It is said to have been aborted in the fifth month of pregnancy; yet the embryo that can lodge within so narrow a chamber can scarcely have more than a few weeks’ growth. It is in Sir Charles Clarke’s collection, and I am indebted to Mr. Stone for permission to have it drawn by Mr. Perry, with three or four more specimens contained in the present publication.

On the right of the drawing, the real extent of the thickening of the external covering is not sufficiently denoted. There are in the substance of

REMARKS.

Calculous, steatomatous, and solid placentas are not of unfrequent occurrence in practice. I have seen several such cases. Sir Wm. Blizard presented to the Royal College of Surgeons a very instructive specimen of a human Ovum having a sarcomatous and calculous placenta, which had been expelled at three months and a half, by a patient who had miscarried three times within the three previous months.

There is also in the same college a magnificent specimen of a solid Ovum, of the size of a hen’s egg and shape. A small portion of the shell of this Ovum having been cut off, the embryo is seen, of the size of a common fly, within the cavity, which may be just large enough to admit the top of a man’s thumb. The ordinary involucra are so compact, and so firmly adhesive to one another, that they cannot be separately distinguished. The parietes thus formed are at least one fourth of an inch in thickness. On the right of the inside of the cavity there is seen a large swelling, which projects within the said cavity, and is probably the receptacle of another embryo, or a deposition of blood between what ought to be the translucid membranes or involucra.

Sometimes the fœtus alone has been found to have become an in-formed, hardened, or steatomatous mass. This is the case with a preparation, a striking one, in the Museum of St. George’s Hospital, midwifery division, marked F. 94. The fœtus, two inches long and perhaps one inch in diameter, is converted into a solid mass, retaining barely the outline of some parts of its form, with the exception of the vertex of the head, which is clearly defined. The mass appears to be steatomatous, and is suspended at a point considerably below the centre, by a regular umbilical cord pending from a large placenta, having the transparent and other involucra, which are laid open for inspection. A minute dissection of these various parts could not fail to throw considerable light on many important points connected with the diseases of the human Ovum, the fœtus, and its structure. At present the preparation is only imperfectly instructive.

Fig. 22. Ovum cum involucris internis, ab amnionitide et chorionitide, condensatis.

(Gestation, near upon five months?)

Here we have a specimen which will embarrass not a little those writers in obstetrics who, either through respect for olden authorities, or from habit, keep repeating what has been said before them, respecting the structure of the human ovum. I will describe the ovum as it stands before me this day, the 21st of January, 1833, on which occasion I again compared it with the drawing made some years before, and found the latter most strikingly correct in all its parts.

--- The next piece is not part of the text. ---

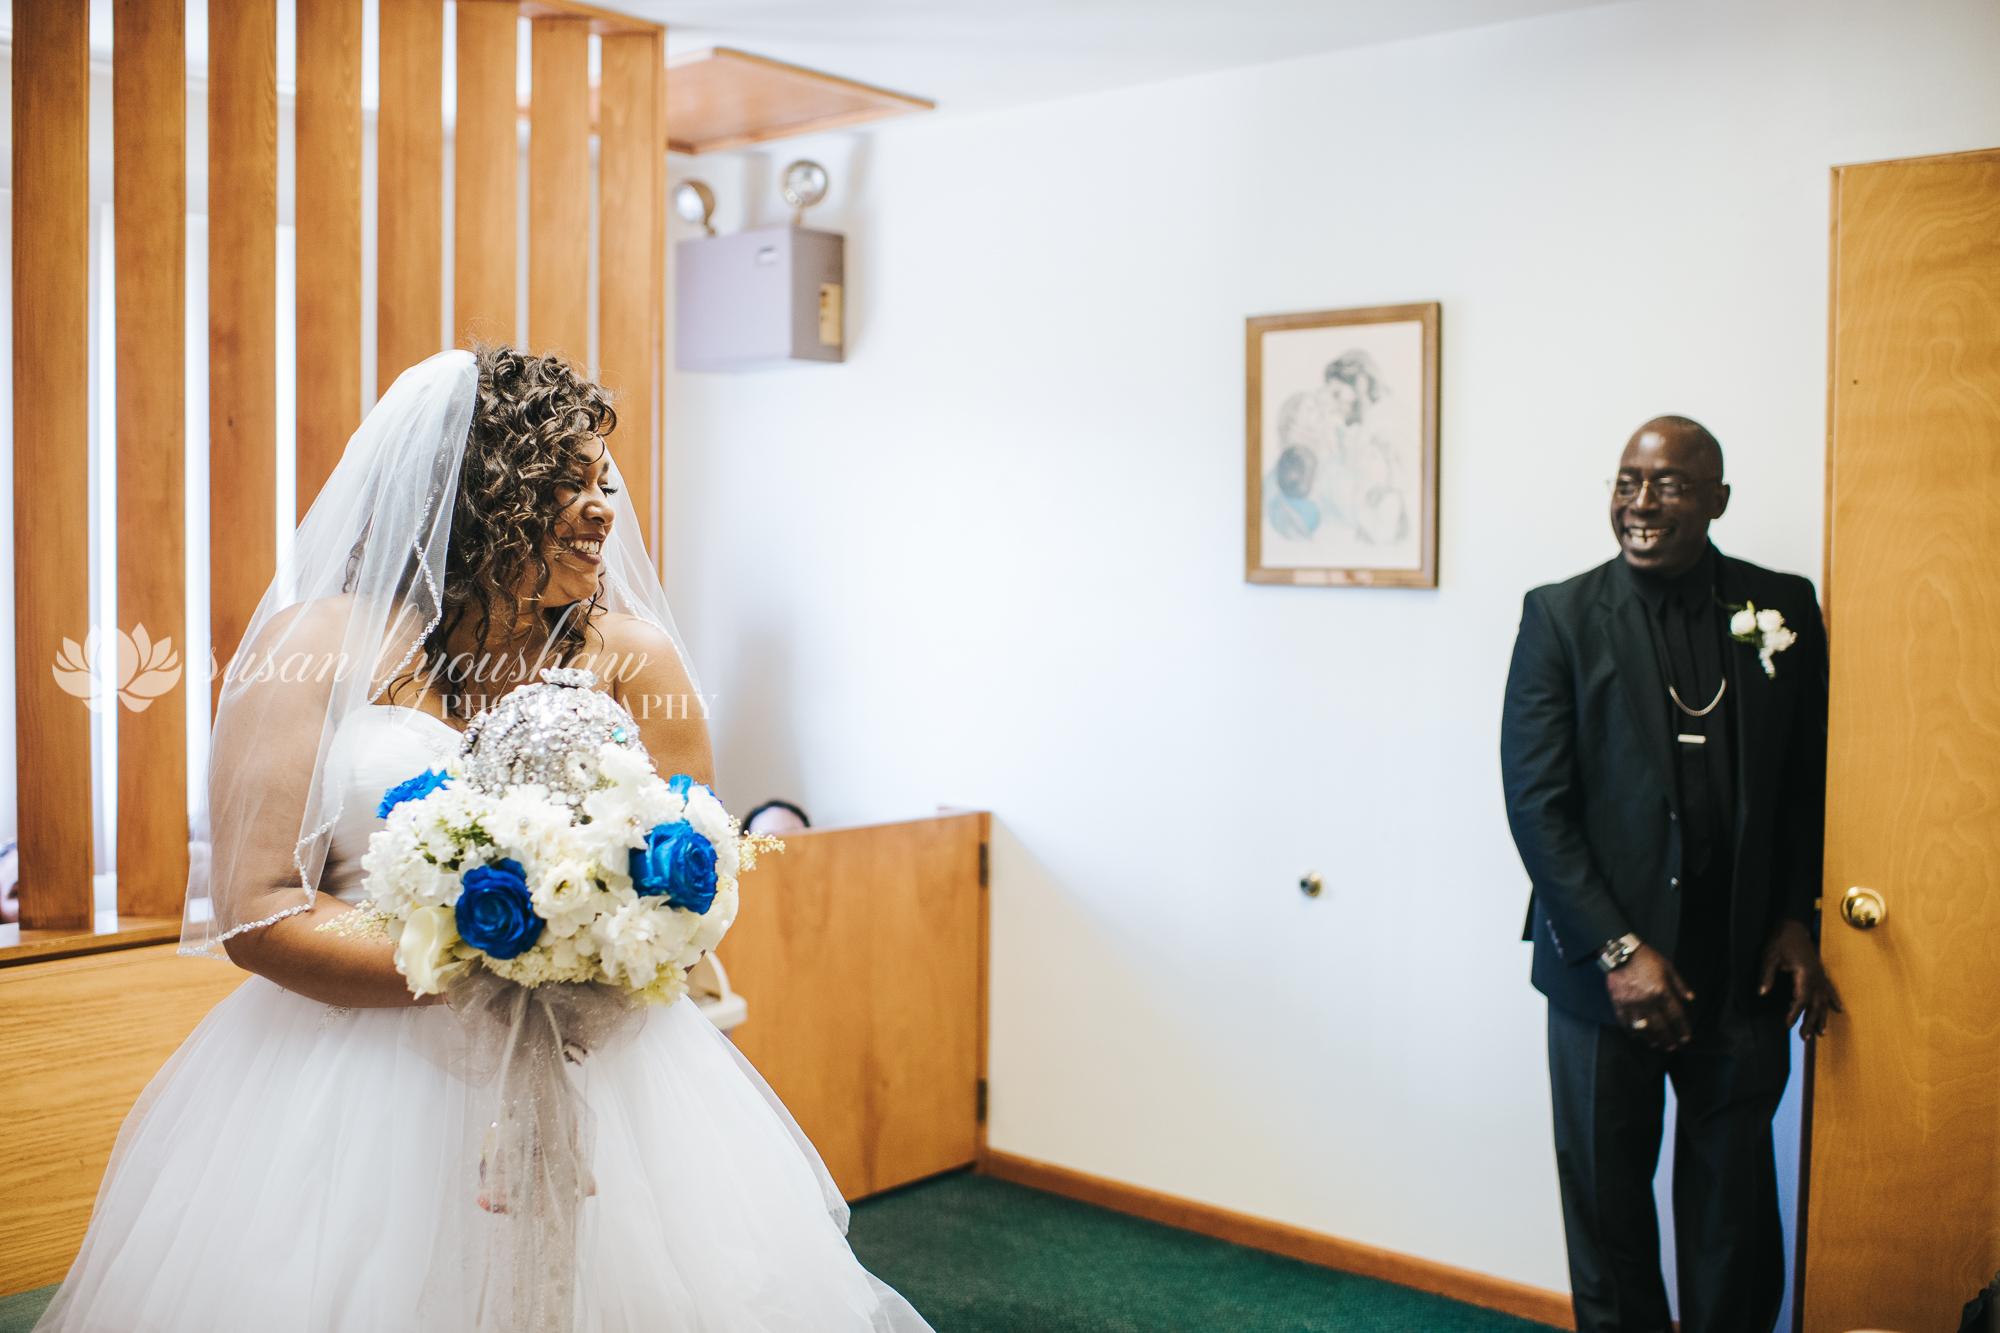 Katelyn and Wes Wedding Photos 07-13-2019 SLY Photography-31.jpg

Beginning externally, we find a thin pellicle, many fragments of which are seen floating, covering the whole of the placenta, which seems consolidated and to have been compressed. These parts are not visible in the figure here represented, as they are placed at the posterior portion of the specimen. From each side of, and at the edge of the placental cake, comes a loosely-webbed, semi-transparent, coarse membrane, in some parts porous, in other parts opaque, which proceeds from under the placenta, and must have embraced the entire ovum before it was laid open. This membrane resembles that called the caducous,—and is in fact the membrane marked as such in all the preparations of human Ova in most obstetrical collections. Within this membrane we find another, considerably thickened, which, judging from the several portions that remain yet transparent, is actually passing from the latter into the opaque state: it is bifoliated. Immediately within the last-described envelope, and at the inferior part of the Ovum, we observe a thick cake, which was probably extravasated blood: it extends upwards on the right of the observer, getting less thick as it proceeds. The cake itself, on the side next to the fœtus, is lined, but loosely, by another bifoliated transparent involucrum, held fast to the involucrum just described by filiform vessels, which in some parts are distinctly visible even to the length of half an inch, with a space of the same dimension between the membrane and the cake before mentioned. The inside lining of the whole is the amnion, from the upper and lateral portion of which hangs an umbilical cord of three quarters of an inch in length, with an imperfect fœtus the size of half a wasp, in which however the rudiments of the abdominal extremities are quite distinct. The whole Ovum measures four inches vertically, and three inches transversally.